Chief and council are accountable to INAC. People have no say in it. They can go crying to INAC. INAC does whatever they want to. The minister can eliminate you as a chief with the stroke of a pen.

Now, is that going to be there? Is the intervention policy going to be there? There are so many questions that need to be answered before you can start developing a model to that effect. However, you have to have it with the consent of the people. If you are going to sit here and listen to chiefs right across Canada, of course you are going to get, oh yes, we are going to endorse it. You know what, if I was a chief, I would be sitting here telling you, yes, go for it, let us do it. After all, you are doubling my term and you are guaranteeing me employment for another two years. Talk to the people, they can do it.

Mr. Starr: You want to know if we have confidence that changes can occur — well, one of the witnesses mentioned that there is no opposition on the reserves. What I am trying to do here is create an opposition. The University of Winnipeg Aboriginal Student Council has a plan. We have a series of simple plans for language preservation, suicide prevention, to ensure that we do have good leaders. Even if my little rebellion fails, I do not really care. All I want to see is my people ascend from their despair.

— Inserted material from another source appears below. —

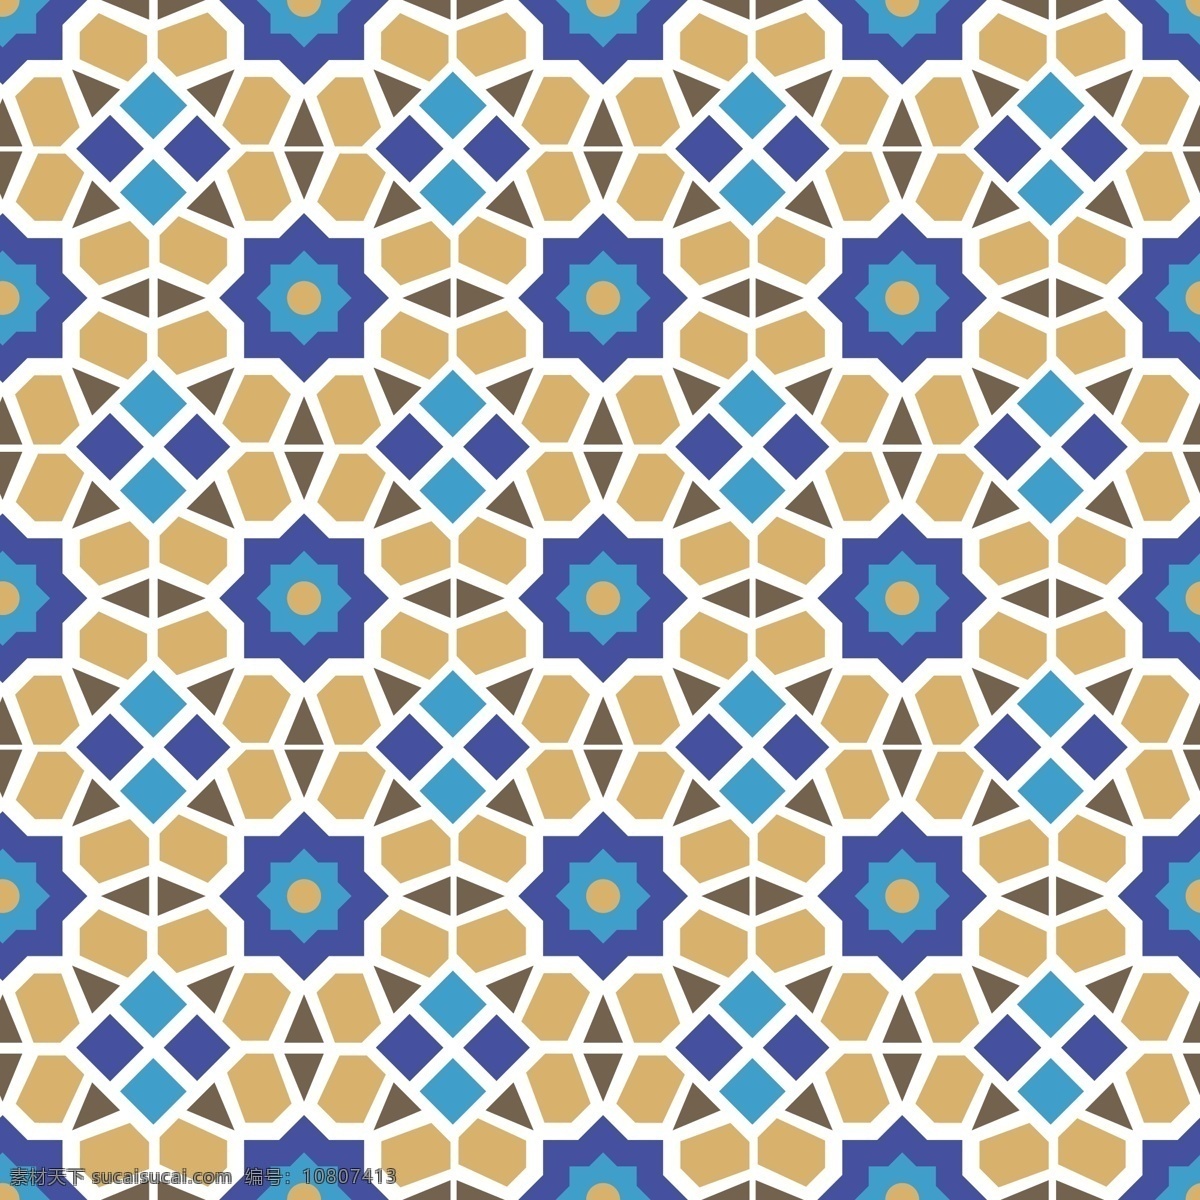 摩洛哥瓷砖 背景 重复 瓷砖 图案 黄色 蓝色 摩洛哥 阿拉伯语 穆斯林

I am creating this opposition for them, I am challenging them. It will not necessarily be changes to legislation that will create the improvements, it will be engaging the people. The people will challenge the leaders. That is the highest priority I think, and education, two highest priorities.

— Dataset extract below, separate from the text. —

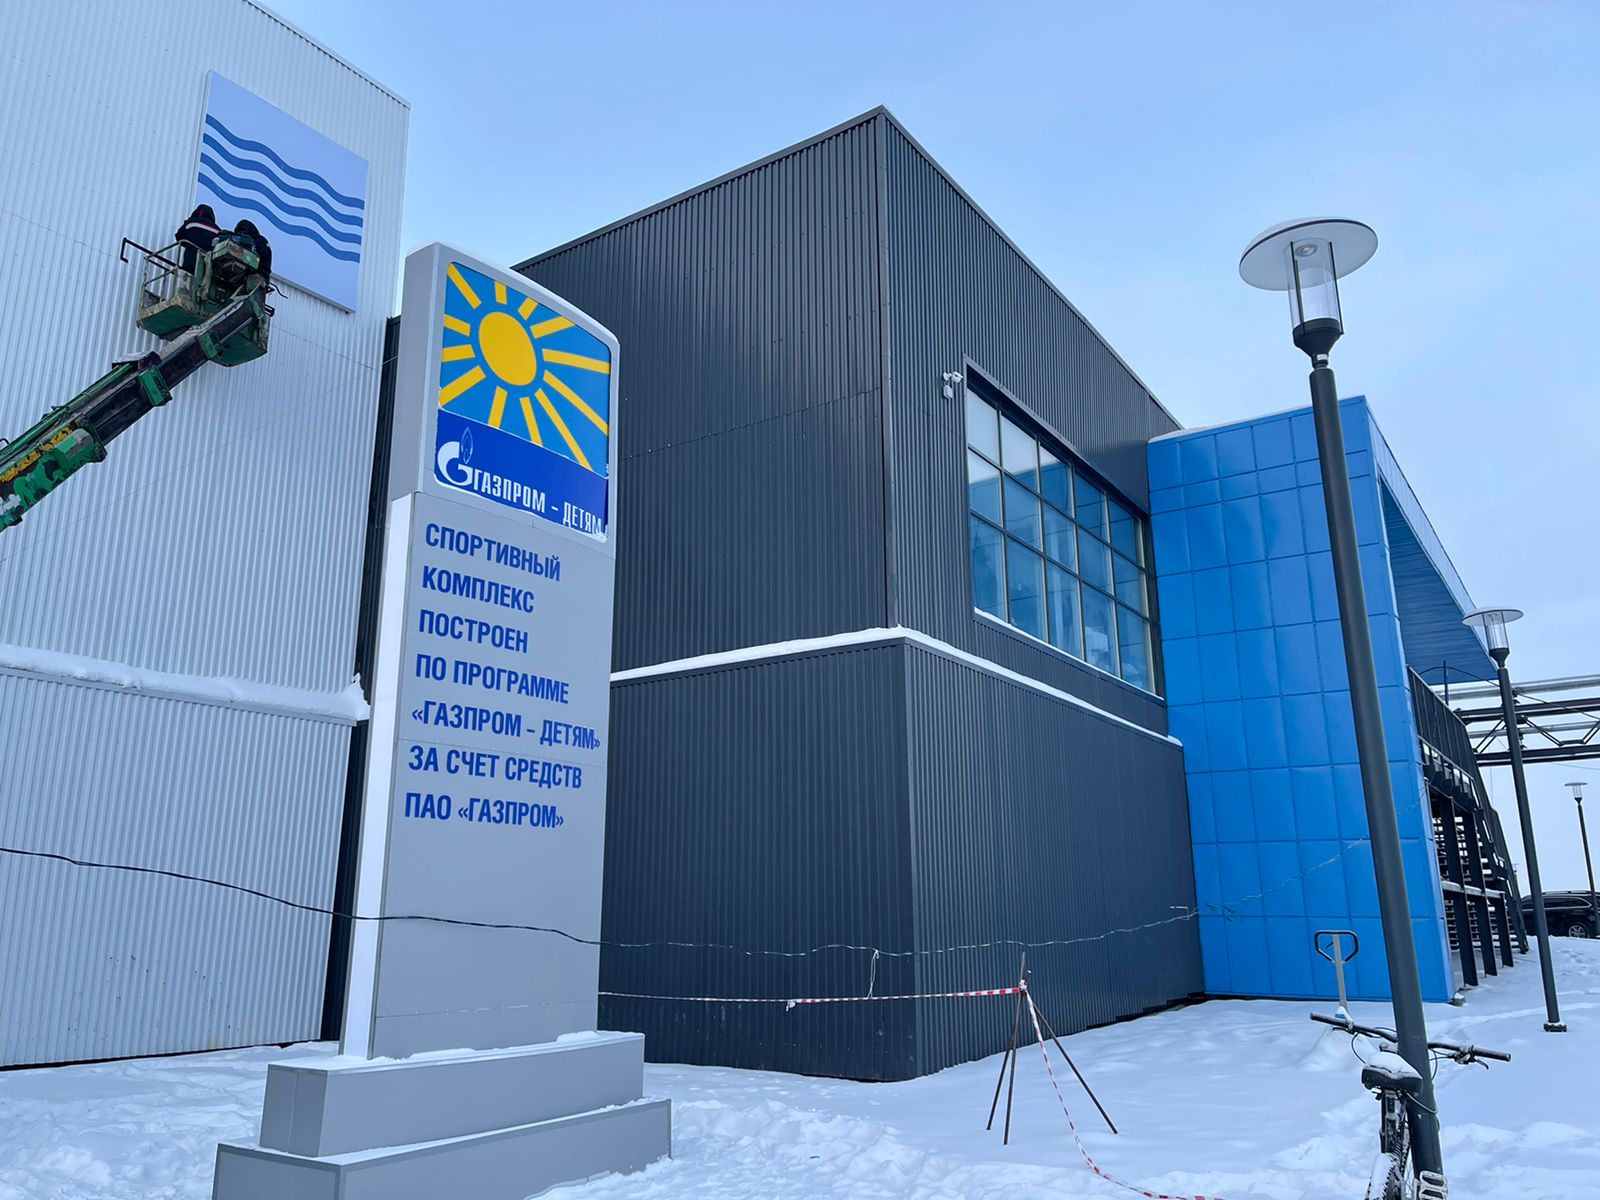 Спортивный комплекс с катком и бассейном в Якутске откроют в начале февраля

Mr. Traverse: I would like this process to go right into the grassroots level, so the people could be educated a little bit and understand what is happening. We have to deal with other issues, besides introducing this thing about elections. You have legislation to think about, section 35, and the list goes on. I feel very strongly that we have to start from the grassroots level.

Sure, the chiefs are elected, but the real mandate comes from the grassroots people to make this a reality. Thank you.

The Chair: Well, that is right. The chiefs are elected, but they are "de-elected" too, so they end up being part of the grassroots.

We are listening carefully to what you are saying. I think everybody's intervention, one is as important as the next. I see your interventions as important as those that we received from the chiefs. I am sure the committee feels that way as well.

Our biggest enemy is time, but we have to make a difference. If a significant difference is going to come — I think eventually — and I am not talking myself here as an individual, but the Standing Senate Committee on Aboriginal Peoples — the committee has an excellent chance of initiating the changes that you feel are required.

We know there is a litany of complexities and problems out there. However, every giant journey begins with a single step. Our recommendation, I think, will reflect what the four of you have actually said, that the grassroots have to be considered in the recommendation process so that they are not eliminated and it does not become a top-down process.

Having said that, I want to thank you for appearing before us, and I look forward to working with you in the future. If you have any submissions that you want to put forward, put them forward to our committee clerk and we will certainly take them seriously in our deliberations and as we compile a recommendation.

Remember, we are not going to impose anything, we are merely going to make a recommendation. Hopefully, it will be taken seriously — they have been in the past. So there is great hope there.

Thank you.

Again, the senators participating in this meeting are as follows: Senator Hubley from P.E.I.; Senator Lang from the Yukon; Senator Sibbeston from the Northwest Territories — and as he told you, he spent 11 years in a residential school, so he knows what he is talking about; Senator Dyck, who is an Aboriginal person, from Saskatchewan; Senator Robert Peterson, from Saskatchewan; Senator Lovelace Nicholas is an Aboriginal person from New Brunswick; and I happen to be a Metis from Manitoba. The white horses on the highway, I lived right around there.